Lines that include the string "Vegas" are the ones to copy from the entries below.

> [RECORDS FOR THIS EXERCISE]

══════════

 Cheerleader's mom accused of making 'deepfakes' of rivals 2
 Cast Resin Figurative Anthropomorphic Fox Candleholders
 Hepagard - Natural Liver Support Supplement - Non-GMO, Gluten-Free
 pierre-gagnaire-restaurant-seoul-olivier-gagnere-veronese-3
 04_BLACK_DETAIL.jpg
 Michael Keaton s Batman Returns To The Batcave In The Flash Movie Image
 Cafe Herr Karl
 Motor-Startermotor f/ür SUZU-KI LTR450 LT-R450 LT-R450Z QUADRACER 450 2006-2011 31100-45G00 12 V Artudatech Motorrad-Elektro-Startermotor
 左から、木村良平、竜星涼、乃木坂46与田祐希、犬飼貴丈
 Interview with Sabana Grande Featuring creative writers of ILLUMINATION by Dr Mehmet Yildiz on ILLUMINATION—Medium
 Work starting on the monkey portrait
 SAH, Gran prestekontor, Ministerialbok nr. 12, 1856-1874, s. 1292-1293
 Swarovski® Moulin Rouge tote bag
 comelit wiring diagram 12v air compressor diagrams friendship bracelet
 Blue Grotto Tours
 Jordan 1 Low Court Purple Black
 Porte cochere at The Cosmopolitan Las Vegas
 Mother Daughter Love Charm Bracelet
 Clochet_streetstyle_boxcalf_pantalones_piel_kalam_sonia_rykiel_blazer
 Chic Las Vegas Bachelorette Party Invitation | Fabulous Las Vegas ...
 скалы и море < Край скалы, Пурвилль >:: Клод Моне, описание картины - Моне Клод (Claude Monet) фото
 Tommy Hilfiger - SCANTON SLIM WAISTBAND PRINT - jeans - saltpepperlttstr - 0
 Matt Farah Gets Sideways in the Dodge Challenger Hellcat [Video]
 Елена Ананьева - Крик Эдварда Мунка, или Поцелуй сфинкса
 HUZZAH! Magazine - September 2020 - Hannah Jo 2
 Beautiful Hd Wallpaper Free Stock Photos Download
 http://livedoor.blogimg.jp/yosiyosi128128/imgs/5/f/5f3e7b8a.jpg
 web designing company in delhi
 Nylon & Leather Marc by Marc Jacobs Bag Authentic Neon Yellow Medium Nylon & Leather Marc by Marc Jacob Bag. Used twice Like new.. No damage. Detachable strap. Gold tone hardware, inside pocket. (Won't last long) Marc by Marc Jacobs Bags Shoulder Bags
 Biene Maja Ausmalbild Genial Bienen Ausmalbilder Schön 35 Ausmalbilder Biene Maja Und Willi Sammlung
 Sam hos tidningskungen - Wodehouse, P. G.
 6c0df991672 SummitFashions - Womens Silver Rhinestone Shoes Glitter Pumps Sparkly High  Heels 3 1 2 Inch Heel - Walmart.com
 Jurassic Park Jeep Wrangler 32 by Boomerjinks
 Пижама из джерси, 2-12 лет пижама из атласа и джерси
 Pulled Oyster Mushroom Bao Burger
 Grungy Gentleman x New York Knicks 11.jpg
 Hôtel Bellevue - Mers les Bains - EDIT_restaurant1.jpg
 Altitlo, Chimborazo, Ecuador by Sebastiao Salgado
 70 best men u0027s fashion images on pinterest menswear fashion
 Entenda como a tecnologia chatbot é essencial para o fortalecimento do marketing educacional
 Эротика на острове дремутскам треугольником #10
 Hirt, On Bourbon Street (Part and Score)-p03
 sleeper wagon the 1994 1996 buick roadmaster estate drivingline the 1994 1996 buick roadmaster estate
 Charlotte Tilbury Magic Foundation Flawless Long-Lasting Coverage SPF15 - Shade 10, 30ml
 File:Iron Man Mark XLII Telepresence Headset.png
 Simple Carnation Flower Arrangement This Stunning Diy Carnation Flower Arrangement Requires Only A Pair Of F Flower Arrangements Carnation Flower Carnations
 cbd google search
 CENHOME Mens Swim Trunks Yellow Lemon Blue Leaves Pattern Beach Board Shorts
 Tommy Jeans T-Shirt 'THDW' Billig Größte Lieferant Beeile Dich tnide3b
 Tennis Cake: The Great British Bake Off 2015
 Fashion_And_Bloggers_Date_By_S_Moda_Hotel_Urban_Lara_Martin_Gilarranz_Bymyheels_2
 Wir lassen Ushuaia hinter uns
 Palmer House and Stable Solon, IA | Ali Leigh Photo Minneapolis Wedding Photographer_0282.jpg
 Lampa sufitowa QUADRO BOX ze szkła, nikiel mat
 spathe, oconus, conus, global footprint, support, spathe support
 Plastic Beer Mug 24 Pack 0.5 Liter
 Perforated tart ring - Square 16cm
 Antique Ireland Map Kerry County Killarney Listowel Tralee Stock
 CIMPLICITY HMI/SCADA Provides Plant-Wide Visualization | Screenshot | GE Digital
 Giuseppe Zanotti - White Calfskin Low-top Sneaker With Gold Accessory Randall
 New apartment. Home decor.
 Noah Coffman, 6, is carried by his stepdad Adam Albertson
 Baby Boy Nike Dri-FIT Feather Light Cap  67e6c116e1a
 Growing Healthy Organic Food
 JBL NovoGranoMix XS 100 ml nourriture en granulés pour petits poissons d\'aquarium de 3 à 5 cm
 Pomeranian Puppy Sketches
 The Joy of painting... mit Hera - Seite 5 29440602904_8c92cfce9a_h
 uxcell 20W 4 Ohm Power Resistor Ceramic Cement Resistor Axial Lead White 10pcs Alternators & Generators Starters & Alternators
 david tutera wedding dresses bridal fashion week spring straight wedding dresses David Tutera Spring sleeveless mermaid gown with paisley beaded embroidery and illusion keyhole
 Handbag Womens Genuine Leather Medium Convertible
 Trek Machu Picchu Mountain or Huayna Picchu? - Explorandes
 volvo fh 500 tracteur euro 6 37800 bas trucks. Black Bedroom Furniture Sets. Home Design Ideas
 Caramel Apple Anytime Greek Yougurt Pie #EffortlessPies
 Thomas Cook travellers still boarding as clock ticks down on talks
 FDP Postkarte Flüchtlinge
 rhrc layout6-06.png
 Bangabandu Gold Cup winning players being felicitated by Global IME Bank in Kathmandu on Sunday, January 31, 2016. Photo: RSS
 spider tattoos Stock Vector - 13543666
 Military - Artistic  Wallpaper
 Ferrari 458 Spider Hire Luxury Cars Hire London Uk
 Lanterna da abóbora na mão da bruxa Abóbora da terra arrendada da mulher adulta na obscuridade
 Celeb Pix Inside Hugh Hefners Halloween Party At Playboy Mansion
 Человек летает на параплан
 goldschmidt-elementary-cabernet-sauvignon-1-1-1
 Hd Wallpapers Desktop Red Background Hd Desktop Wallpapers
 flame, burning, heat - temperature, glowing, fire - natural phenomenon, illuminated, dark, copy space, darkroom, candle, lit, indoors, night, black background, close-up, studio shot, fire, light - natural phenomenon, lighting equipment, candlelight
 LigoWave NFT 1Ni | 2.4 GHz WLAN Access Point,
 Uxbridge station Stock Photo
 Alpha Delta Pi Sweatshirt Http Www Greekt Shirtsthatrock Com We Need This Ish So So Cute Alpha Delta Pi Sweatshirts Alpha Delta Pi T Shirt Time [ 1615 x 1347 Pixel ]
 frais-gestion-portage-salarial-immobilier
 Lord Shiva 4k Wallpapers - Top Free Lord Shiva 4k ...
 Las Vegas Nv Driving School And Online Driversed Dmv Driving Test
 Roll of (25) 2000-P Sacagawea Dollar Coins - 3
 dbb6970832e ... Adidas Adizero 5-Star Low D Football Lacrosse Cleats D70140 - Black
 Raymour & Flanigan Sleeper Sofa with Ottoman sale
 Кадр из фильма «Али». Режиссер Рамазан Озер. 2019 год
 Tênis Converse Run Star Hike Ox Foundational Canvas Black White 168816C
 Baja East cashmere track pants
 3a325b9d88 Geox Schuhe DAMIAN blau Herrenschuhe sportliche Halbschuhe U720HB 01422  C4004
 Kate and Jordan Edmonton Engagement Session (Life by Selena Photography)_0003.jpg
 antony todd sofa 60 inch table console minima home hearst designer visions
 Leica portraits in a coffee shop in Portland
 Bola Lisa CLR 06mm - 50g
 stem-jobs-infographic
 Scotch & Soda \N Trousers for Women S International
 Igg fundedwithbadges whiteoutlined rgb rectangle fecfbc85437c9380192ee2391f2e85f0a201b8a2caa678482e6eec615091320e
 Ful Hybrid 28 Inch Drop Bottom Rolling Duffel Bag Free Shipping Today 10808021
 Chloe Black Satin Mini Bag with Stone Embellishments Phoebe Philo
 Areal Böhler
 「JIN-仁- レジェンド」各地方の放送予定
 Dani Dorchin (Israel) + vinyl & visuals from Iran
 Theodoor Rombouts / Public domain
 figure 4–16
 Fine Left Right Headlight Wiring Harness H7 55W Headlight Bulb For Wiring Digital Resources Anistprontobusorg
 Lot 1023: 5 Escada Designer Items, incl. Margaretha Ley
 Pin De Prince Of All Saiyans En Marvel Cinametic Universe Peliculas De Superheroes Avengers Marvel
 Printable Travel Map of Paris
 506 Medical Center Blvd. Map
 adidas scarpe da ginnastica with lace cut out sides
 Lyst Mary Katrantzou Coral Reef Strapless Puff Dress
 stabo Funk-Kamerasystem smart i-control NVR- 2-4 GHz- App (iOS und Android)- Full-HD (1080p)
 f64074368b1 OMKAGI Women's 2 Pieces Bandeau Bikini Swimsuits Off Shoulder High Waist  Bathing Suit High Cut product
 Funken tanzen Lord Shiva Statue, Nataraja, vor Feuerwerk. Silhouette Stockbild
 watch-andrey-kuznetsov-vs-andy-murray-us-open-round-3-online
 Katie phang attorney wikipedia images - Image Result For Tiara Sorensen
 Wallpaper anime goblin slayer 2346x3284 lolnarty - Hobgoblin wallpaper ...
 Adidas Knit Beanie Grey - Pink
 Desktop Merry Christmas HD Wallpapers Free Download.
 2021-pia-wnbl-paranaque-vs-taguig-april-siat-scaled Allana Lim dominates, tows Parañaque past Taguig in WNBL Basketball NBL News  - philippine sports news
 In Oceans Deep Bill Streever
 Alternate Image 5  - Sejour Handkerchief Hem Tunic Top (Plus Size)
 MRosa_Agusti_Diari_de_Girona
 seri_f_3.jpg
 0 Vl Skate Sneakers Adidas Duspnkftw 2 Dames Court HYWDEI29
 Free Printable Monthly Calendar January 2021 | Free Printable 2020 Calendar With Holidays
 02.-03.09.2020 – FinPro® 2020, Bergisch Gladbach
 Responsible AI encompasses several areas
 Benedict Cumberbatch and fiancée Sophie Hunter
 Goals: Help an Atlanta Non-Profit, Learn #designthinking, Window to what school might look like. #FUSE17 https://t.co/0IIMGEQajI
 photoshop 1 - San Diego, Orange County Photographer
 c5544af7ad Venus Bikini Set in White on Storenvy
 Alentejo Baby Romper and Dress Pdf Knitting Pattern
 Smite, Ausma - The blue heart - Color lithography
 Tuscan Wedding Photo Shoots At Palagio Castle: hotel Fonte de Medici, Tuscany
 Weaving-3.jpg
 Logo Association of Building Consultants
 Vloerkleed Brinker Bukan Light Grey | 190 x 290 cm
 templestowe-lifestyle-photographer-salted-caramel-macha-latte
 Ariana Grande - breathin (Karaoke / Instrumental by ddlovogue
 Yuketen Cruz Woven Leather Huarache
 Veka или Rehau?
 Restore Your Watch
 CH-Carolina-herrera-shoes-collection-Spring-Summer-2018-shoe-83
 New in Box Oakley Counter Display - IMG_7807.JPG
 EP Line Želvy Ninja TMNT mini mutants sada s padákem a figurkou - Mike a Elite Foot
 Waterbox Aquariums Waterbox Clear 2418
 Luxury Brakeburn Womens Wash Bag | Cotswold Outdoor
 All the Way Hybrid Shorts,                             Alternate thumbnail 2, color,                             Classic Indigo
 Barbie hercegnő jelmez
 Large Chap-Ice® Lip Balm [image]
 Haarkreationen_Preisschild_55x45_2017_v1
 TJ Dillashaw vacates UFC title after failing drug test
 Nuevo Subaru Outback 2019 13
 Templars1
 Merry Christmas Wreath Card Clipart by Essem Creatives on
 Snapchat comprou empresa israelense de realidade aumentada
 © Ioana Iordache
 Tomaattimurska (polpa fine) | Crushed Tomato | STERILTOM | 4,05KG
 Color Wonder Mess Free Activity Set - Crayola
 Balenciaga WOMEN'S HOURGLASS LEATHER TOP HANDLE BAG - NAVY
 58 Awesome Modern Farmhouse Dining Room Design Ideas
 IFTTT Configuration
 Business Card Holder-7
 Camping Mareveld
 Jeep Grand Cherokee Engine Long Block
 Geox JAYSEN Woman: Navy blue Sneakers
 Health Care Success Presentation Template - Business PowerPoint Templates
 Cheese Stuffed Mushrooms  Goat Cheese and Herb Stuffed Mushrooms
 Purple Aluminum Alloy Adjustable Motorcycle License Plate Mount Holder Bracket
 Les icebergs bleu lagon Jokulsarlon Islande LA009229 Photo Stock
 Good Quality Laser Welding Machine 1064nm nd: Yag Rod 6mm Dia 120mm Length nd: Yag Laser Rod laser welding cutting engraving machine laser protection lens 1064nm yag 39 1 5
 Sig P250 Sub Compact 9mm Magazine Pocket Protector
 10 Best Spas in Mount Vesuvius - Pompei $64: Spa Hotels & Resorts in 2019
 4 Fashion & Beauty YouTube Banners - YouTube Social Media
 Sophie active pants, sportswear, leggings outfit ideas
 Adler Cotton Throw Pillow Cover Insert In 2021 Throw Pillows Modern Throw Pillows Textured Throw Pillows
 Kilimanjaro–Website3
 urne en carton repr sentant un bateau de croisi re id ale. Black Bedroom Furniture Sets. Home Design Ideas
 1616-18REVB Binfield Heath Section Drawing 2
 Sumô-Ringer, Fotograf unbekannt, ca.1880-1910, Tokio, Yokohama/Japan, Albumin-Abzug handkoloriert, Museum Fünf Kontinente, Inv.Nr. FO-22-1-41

══════════

> [RESPONSE AREA]
 Porte cochere at The Cosmopolitan Las Vegas
 Chic Las Vegas Bachelorette Party Invitation | Fabulous Las Vegas ...
 Las Vegas Nv Driving School And Online Driversed Dmv Driving Test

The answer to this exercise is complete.